Reputation: 349
I have two dataframes:
df_data = pd.DataFrame({'ID':['x','y','x','z'],
'col1':['1','','2','f'],
'col2':['5','5','5','5'],
'col3':['','1','3','5']})
df_data_req = pd.DataFrame({'ID':['x','y','z'],
'col1':['X','','X'],
'col2':['X','X','X'],
'col3':['X','X','']})
I would then like to validate all rows in df_data, and check (based in the ID column), if all columns there are specified in df_data_req have a value.

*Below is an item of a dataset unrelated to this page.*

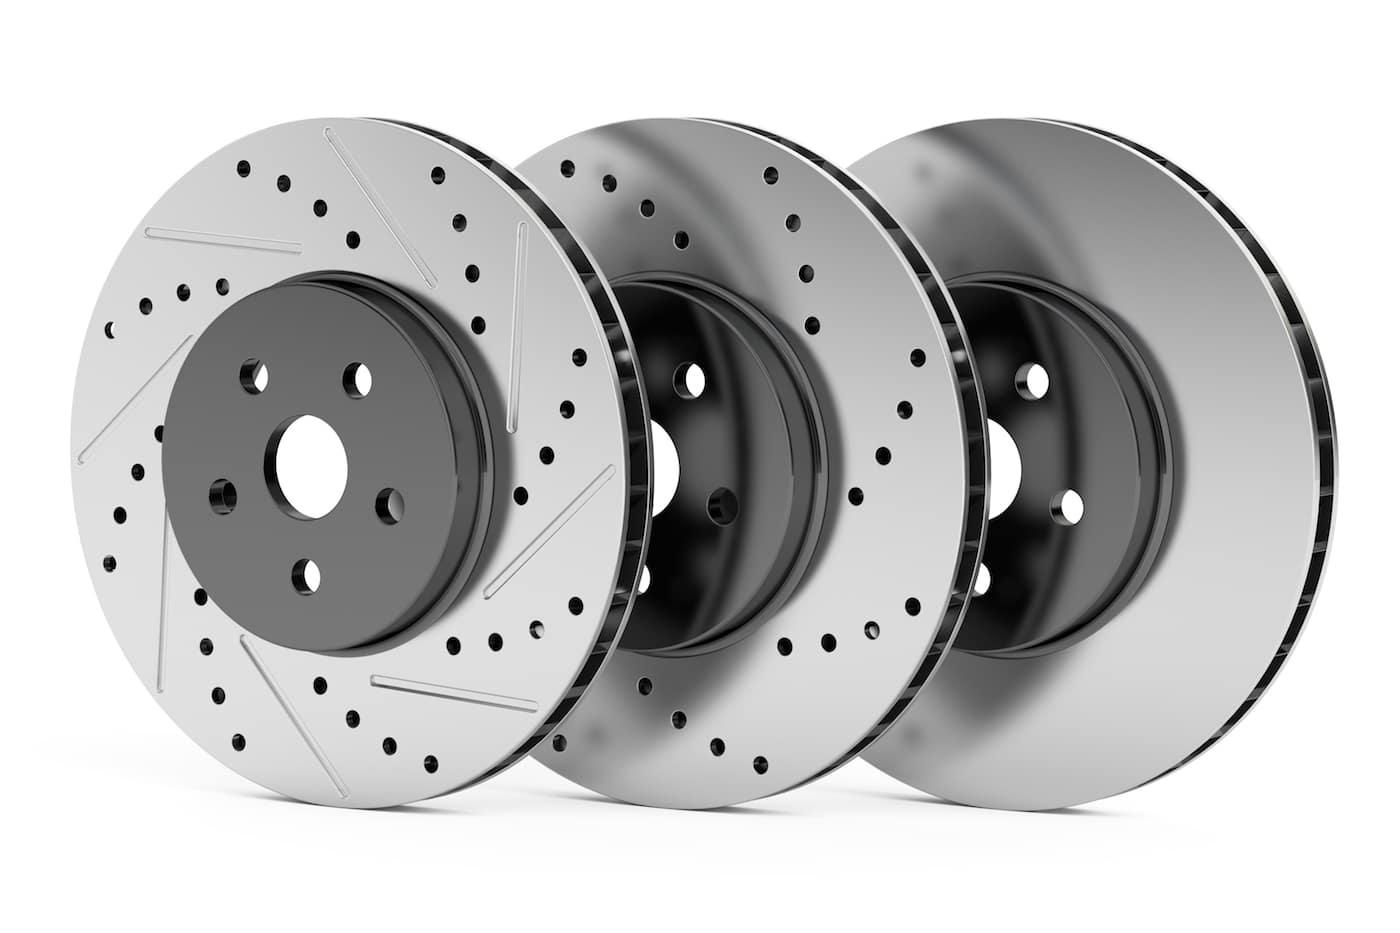 A close up shot of car disc brakes and rotors
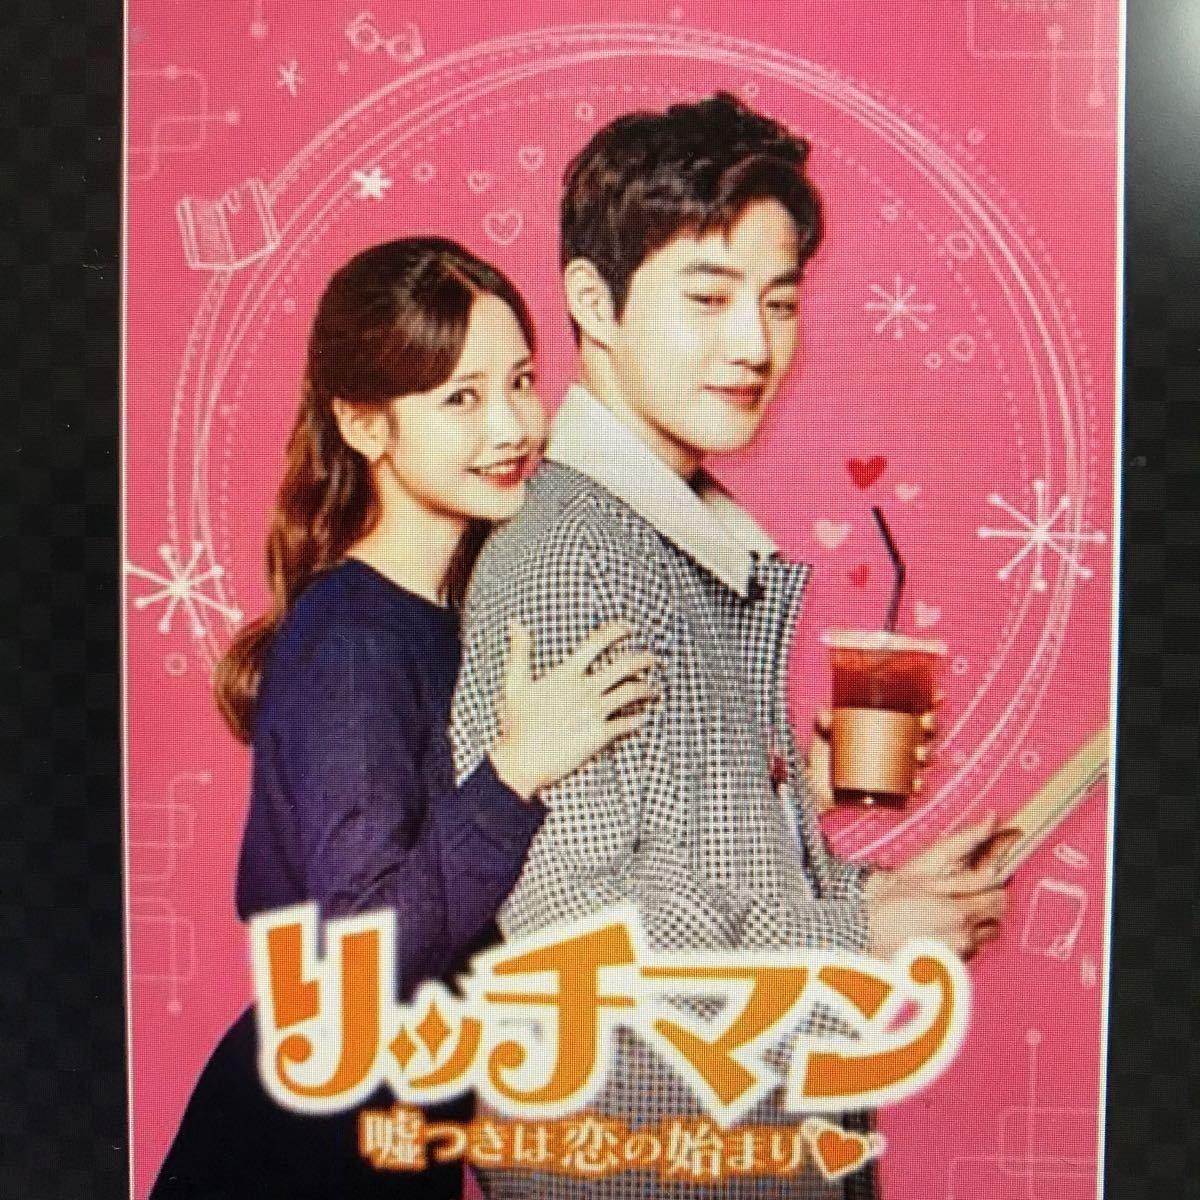 韓国ドラマ リッチマン〜嘘つきは恋の始まり〜 全話 Blu-ray 1枚

What I expected is addition column to df_data which indicate "Missing data" or "OK" which are depended on what there are specified in df_data_req. The output for the sample data would then be:
ID | col1 | col2 | col3 | validation |
---|---|---|---|---|
x | 1 | 5 | MissingData | |
y | 5 | 1 | OK | |
x | 2 | 5 | 3 | OK |
z | f | 5 | 5 | OK |
Upvotes: 1
Views: 698
Reputation: 75080
Here is an approach with set_index
, df.reindex_like
followed by conditional check:
a = df_data.set_index("ID").replace("",np.nan)
b = df_data_req.set_index("ID").replace("",np.nan)
c = a.fillna(b.reindex_like(a)).eq("X").any(1)
df_data['validation'] = np.where(c,"MissingData","OK")
print(df_data)
ID col1 col2 col3 validation
0 x 1 5 MissingData
1 y 5 1 OK
2 x 2 5 3 OK
3 z f 5 5 OK
Upvotes: 3